At the end of March, Airbus’ consolidated order book was valued at € 574.5 billion (year-end 2012: € 525.5 billiona). The Airbus Commercial backlog amounted to € 554.2 billion (year-end 2012: € 505.3 billiona), which comprises 4,948 Airbus aircraft excluding ATR orders (year-end 2012: 4,682 units). Airbus Military’s order book was worth € 21.1 billion (year-end 2012: € 21.1 billion).
Revenues at Eurocopter fell by 13 percent to € 1,038 million (Q1 2012: € 1,199 million) with deliveries of 58 helicopters (Q1 2012: 72 helicopters). The Division’s EBIT* declined by 69 percent to € 20 million (Q1 2012: € 64 milliona). Eurocopter has faced some revenue and EBIT* pressure arising from the technical problems with the Super Puma fleet. Flight restrictions have impacted both the delivery schedule and the service revenues generated by helicopter operations.
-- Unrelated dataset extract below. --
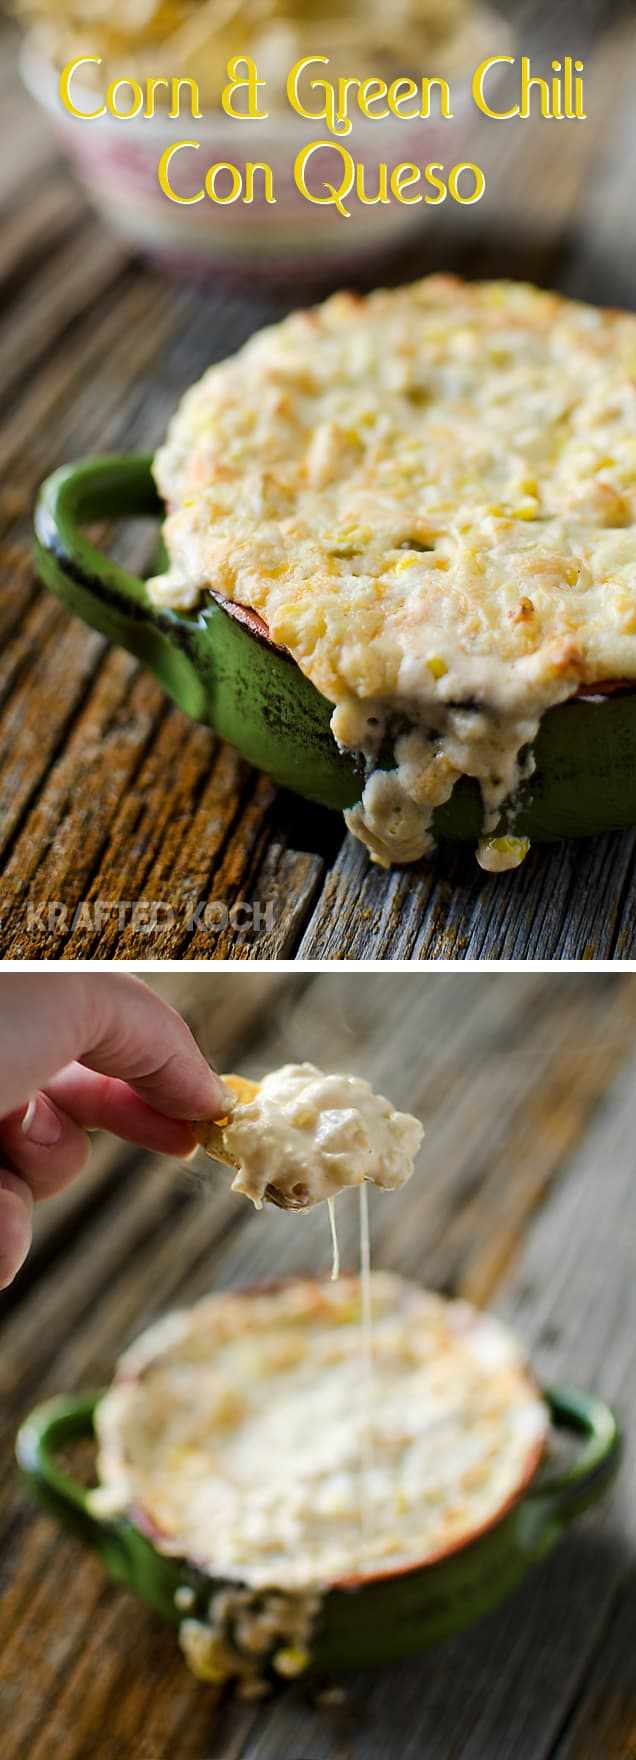 Corn & Green Chili Con Queso Dip - Krafted Koch

A recovery is expected later in 2013 as Eurocopter has now identified the root cause for the technical issues and validation with the regulators is ongoing.
Sales and EBIT* one year earlier, in Q1 2012, benefited from a strong delivery performance, in particular for the Super Puma.
As anticipated, Eurocopter signed a Memorandum of Understanding with the German government reducing the overall number of helicopters to be delivered but with some rebalancing between types on the NH90 from TTH to naval NFH versions. Other discussions with key customers are ongoing.
In the first three months of 2013, Eurocopter booked 51 net orders (Q1 2012: 93 net orders). At the end of March 2013, the Division’s order book was worth € 12.7 billion (year-end 2012: € 12.9 billion), comprising 1,063 helicopters (year-end 2012: 1,070 helicopters).
Astrium’s revenues in the first quarter rose 3 percent to € 1,369 million (Q1 2012: € 1,325 million), with increases in Ariane 5 production sales and telecommunication satellites partially offset by a reduction in services. EBIT* was flat at € 66 million (Q1 2012: € 65 million) due to a slightly unfavourable sales mix.
Order intake in the first quarter stood at € 817 million (Q1 2012: € 1.2 billion). Aside from contracts from the European Space Agency related to Ariane 5 ME (Midlife Evolution) and Ariane 6, Astrium received a long-term contract to deliver France’s first military ultra-fast broadband satellite communications network.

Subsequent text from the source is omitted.